If an Activision studio hasn’t proven its worth, it won’t be creating a new IP.
Activision CEO Bobby Kotick says it likes the company’s studios to retain their identities, but they might have to earn the right to do so first. Despite criticizing EA for not allowing its studios to retain their “independent vision,” that same vision at Activision appears to come with a cost.
Speaking in Edge magazine, Kotick says that studios usually have to be “successful” to be able to go and create a new IP. “In the last year, we’ve taken four or five big bets – Singularity, Prototype, DJ Hero and Blur were completely new,” he said. “That’s more than we usually would do, but in each case there was a very good reason why the developer chose to do it.”
But these IPs aren’t just given away. “Our process isn’t that we say, ‘Neversoft, you make a new IP,'” he continued. “When they wanted to make Gun, they certainly earned the right to make new IP. They came in and said, ‘This is our idea,’ and we provide a lot of the research that will tell them how to think about the product.”

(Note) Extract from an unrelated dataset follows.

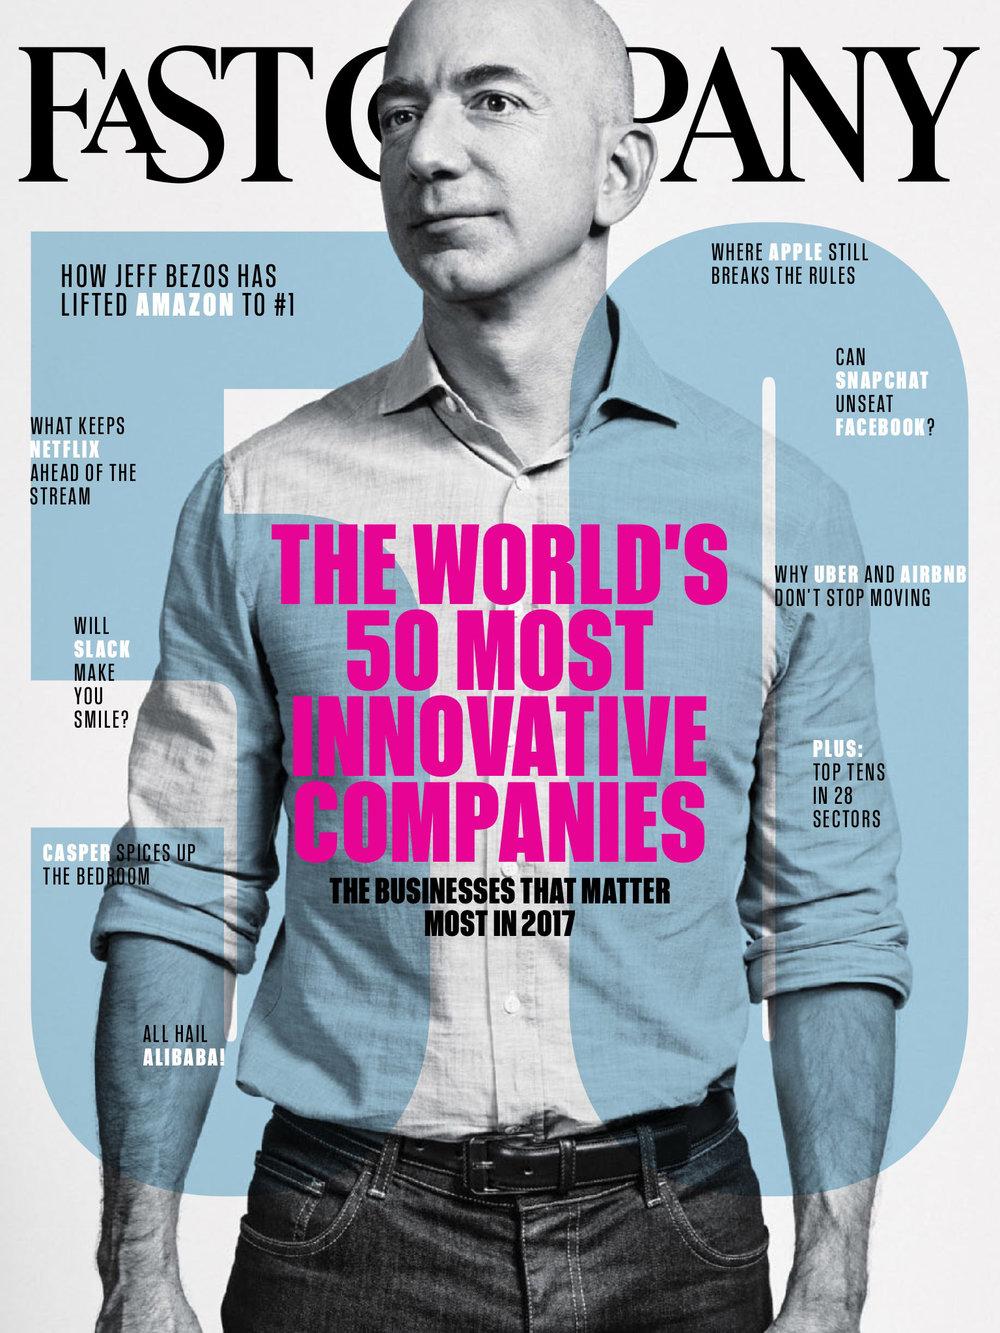 Fast Company March 2017 Cover

“Then they go off and make the game they want to make, and we try and be supportive. You have to earn the right to do that, so it’s usually the really successful studios that get the right.”
He then says that typically Activision’s successful studios haven’t wanted to make anything else other than what made them popular. “The really insightful developers realise that the pathway to innovation is greater from a proven property that has an audience… There are so few new IPs that are introduced successfully.”
Doesn’t this sound a little bit like Activision allows an “independent vision” with reluctance? It’s smart business sense, but with Kotick saying that EA stifles its studios by making them follow EA’s rules, it seems somewhat hypocritical from a company doing that appears to be the same thing.